Как проверить, что мои закладки работают?Я обнаружил, что, когда я запускаю работу сразу после предыдущего завершения, это, похоже, все еще занимает много времени.Это почему?Я думал, что он не будет читать файлы, которые он уже обработал?Сценарий выглядит следующим образом:
import sys
from awsglue.transforms import *
from awsglue.utils import getResolvedOptions
from pyspark.context import SparkContext
from awsglue.context import GlueContext
from awsglue.job import Job
## @params: [JOB_NAME]
args = getResolvedOptions(sys.argv, ['JOB_NAME'])
sc = SparkContext()
glueContext = GlueContext(sc)
spark = glueContext.spark_session
job = Job(glueContext)
job.init(args['JOB_NAME'], args)
inputGDF = glueContext.create_dynamic_frame_from_options(connection_type = "s3", connection_options = {"paths": ["s3://xxx-glue/testing-csv"], "recurse": True}, format = "csv", format_options = {"withHeader": True}, transformation_ctx="inputGDF")
if bool(inputGDF.toDF().head(1)):
print("Writing ...")
inputGDF.toDF() \
.drop("createdat") \
.drop("updatedat") \
.write \
.mode("append") \
.partitionBy(["querydestinationplace", "querydatetime"]) \
.parquet("s3://xxx-glue/testing-parquet")
else:
print("Nothing to write ...")
job.commit()
import boto3
glue_client = boto3.client('glue', region_name='ap-southeast-1')

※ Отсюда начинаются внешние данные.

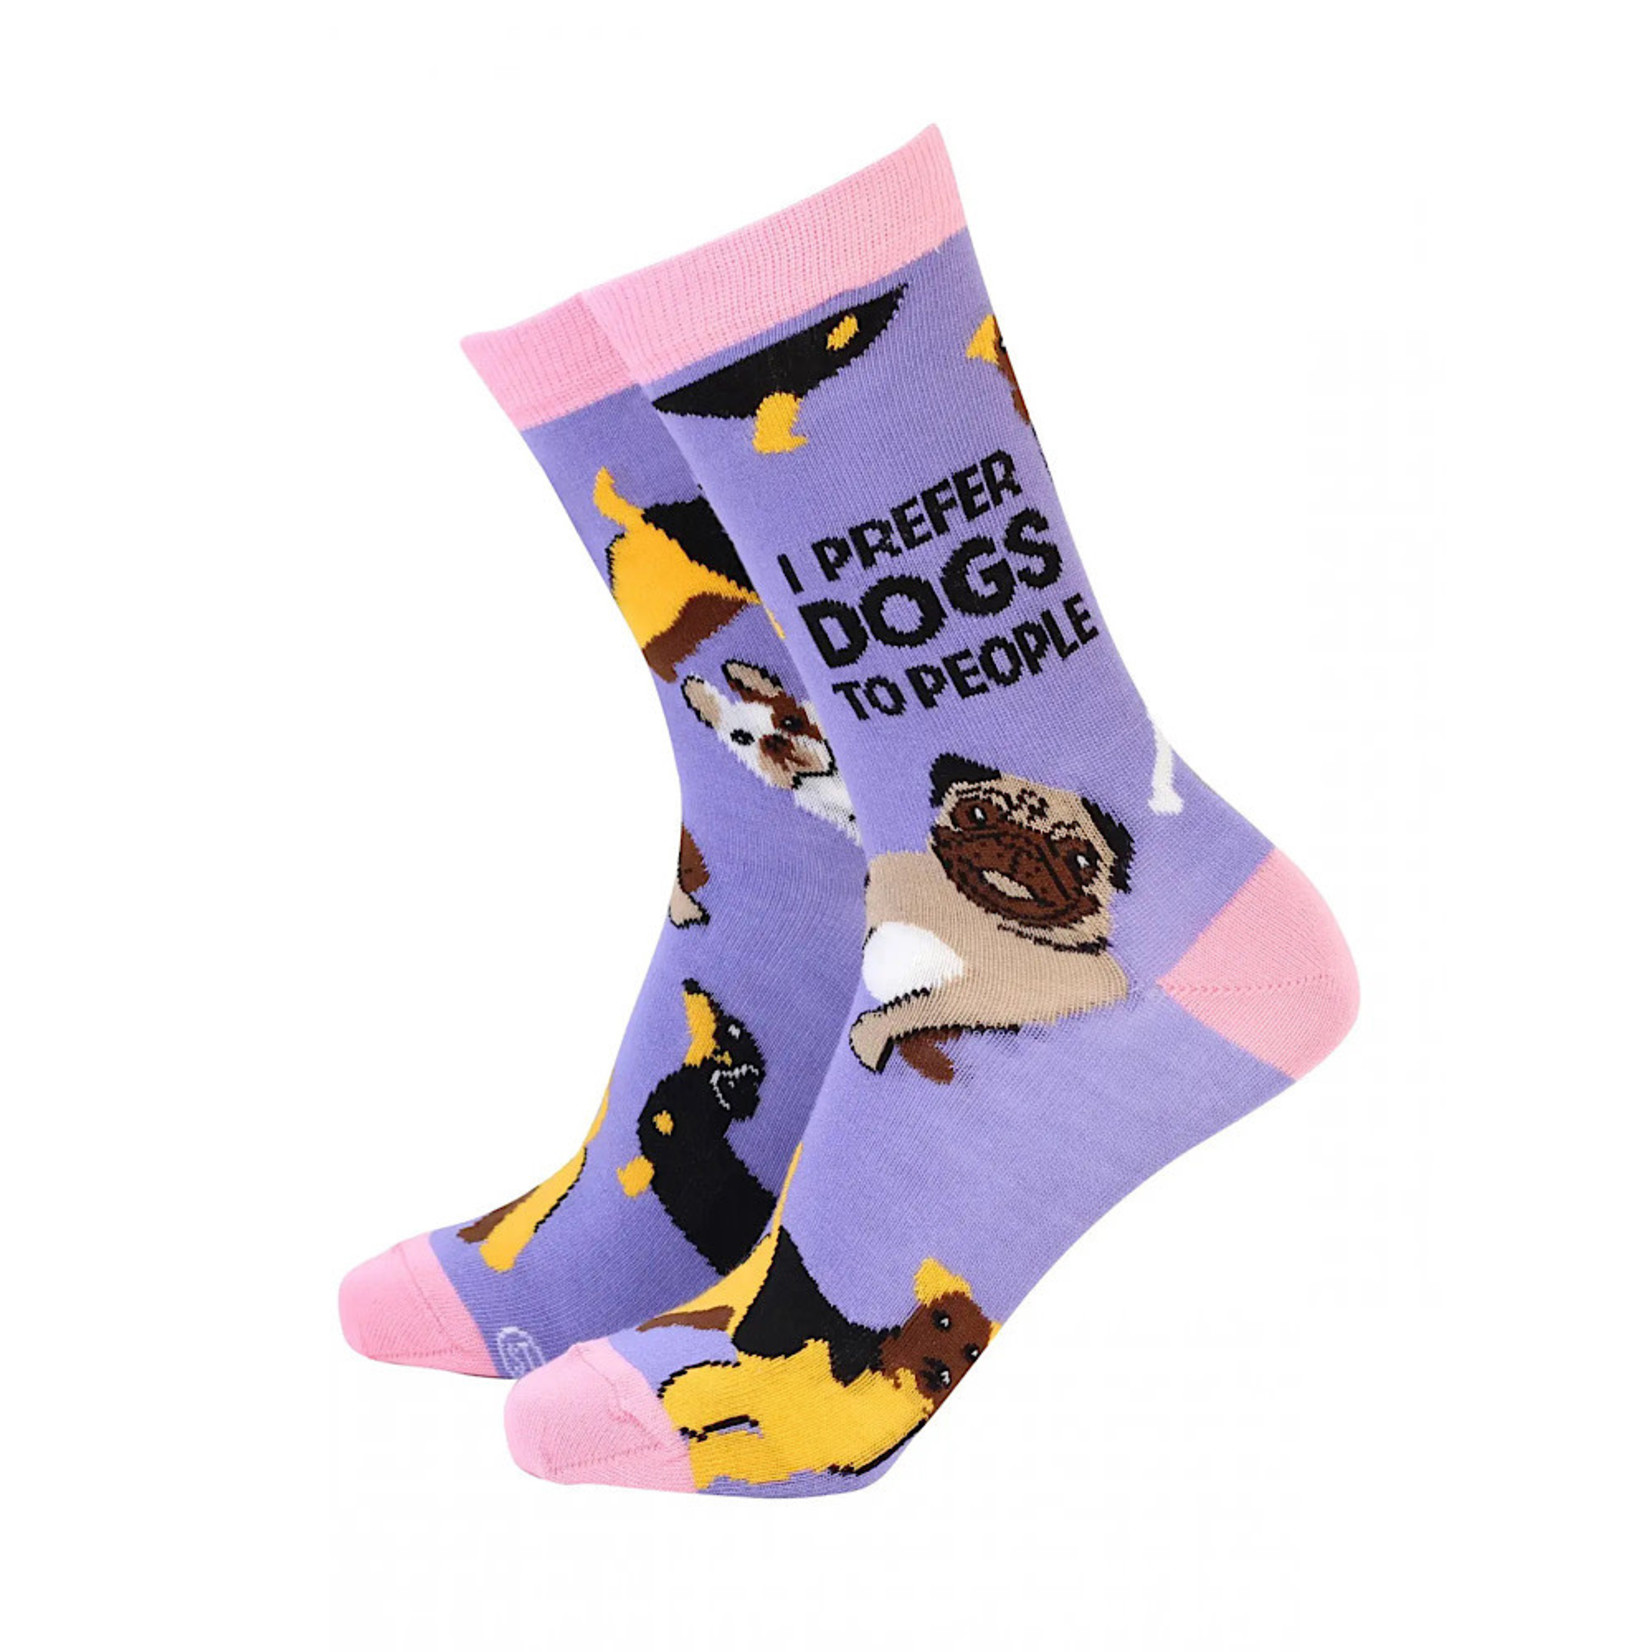 Socks (Womens) (Bamboo) - I Prefer Dogs To People

glue_client.start_crawler(Name='xxx-testing-partitioned')
Внешний вид выглядит следующим образом:
18/12/11 14:49:03 INFO Client: Application report for application_1544537674695_0001 (state: RUNNING)
18/12/11 14:49:03 DEBUG Client:
client token: N/A
diagnostics: N/A
ApplicationMaster host: 172.31.2.72
ApplicationMaster RPC port: 0
queue: default
start time: 1544539297014
final status: UNDEFINED
tracking URL: http://ip-172-31-0-204.ap-southeast-1.compute.internal:20888/proxy/application_1544537674695_0001/
user: root
18/12/11 14:49:04 INFO Client: Application report for application_1544537674695_0001 (state: RUNNING)

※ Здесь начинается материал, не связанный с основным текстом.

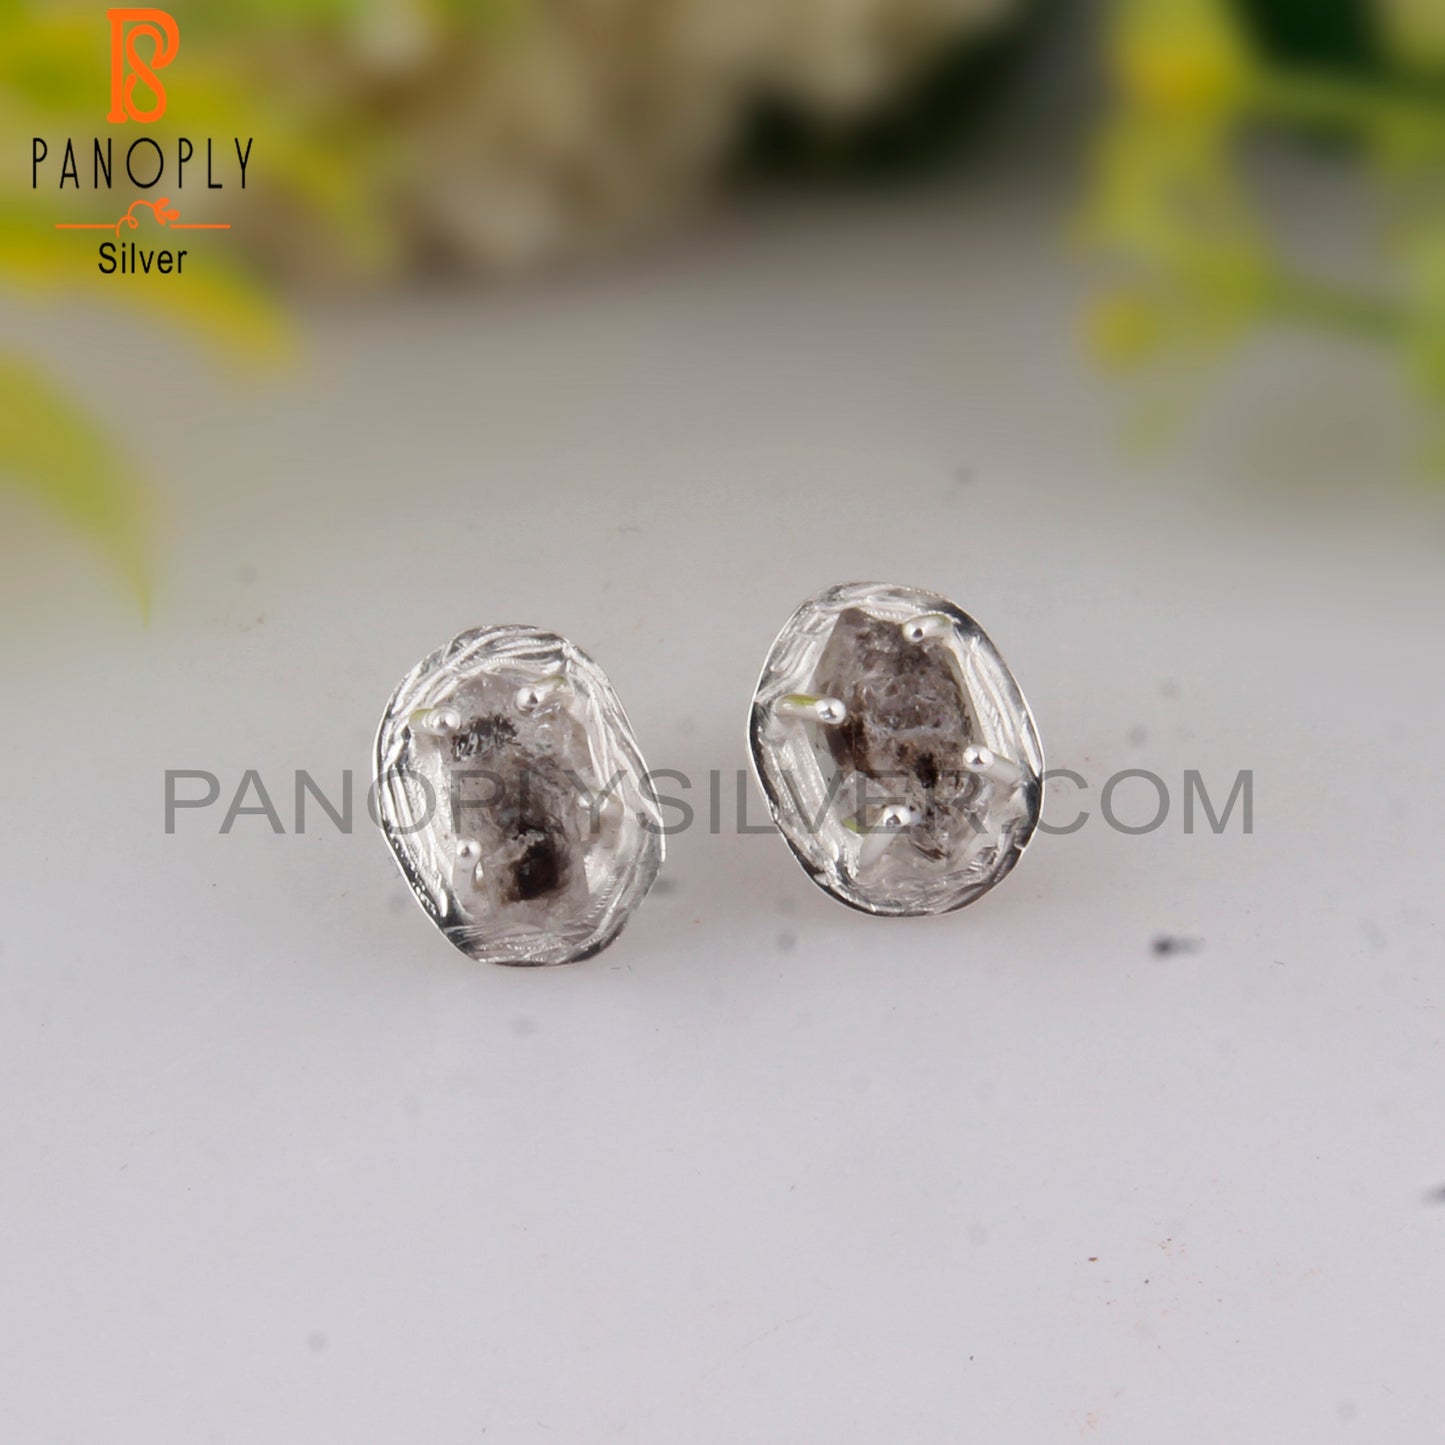 Natural Unique Herkimer Diamond 925 Silver Earrings

18/12/11 14:49:04 DEBUG Client:
client token: N/A
diagnostics: N/A
ApplicationMaster host: 172.31.2.72
ApplicationMaster RPC port: 0
queue: default
start time: 1544539297014
final status: UNDEFINED
tracking URL: http://ip-172-31-0-204.ap-southeast-1.compute.internal:20888/proxy/application_1544537674695_0001/
user: root
18/12/11 14:49:05 INFO Client: Application report for application_1544537674695_0001 (state: RUNNING)
18/12/11 14:49:05 DEBUG Client:
client token: N/A
diagnostics: N/A
ApplicationMaster host: 172.31.2.72
ApplicationMaster RPC port: 0
queue: default
start time: 1544539297014
final status: UNDEFINED
tracking URL: http://ip-172-31-0-204.ap-southeast-1.compute.internal:20888/proxy/application_1544537674695_0001/
user: root
...
18/12/11 14:42:00 INFO NewHadoopRDD: Input split: s3://pinfare-glue/testing-csv/2018-09-25/DPS/2018-11-15_2018-11-19.csv:0+1194081
18/12/11 14:42:00 INFO S3NativeFileSystem: Opening 's3://pinfare-glue/testing-csv/2018-09-25/DPS/2018-11-14_2018-11-18.csv' for reading
18/12/11 14:42:00 INFO S3NativeFileSystem: Opening 's3://pinfare-glue/testing-csv/2018-09-25/DPS/2018-11-15_2018-11-19.csv' for reading
18/12/11 14:42:00 INFO Executor: Finished task 89.0 in stage 0.0 (TID 89). 2088 bytes result sent to driver
18/12/11 14:42:00 INFO CoarseGrainedExecutorBackend: Got assigned task 92
18/12/11 14:42:00 INFO Executor: Running task 92.0 in stage 0.0 (TID 92)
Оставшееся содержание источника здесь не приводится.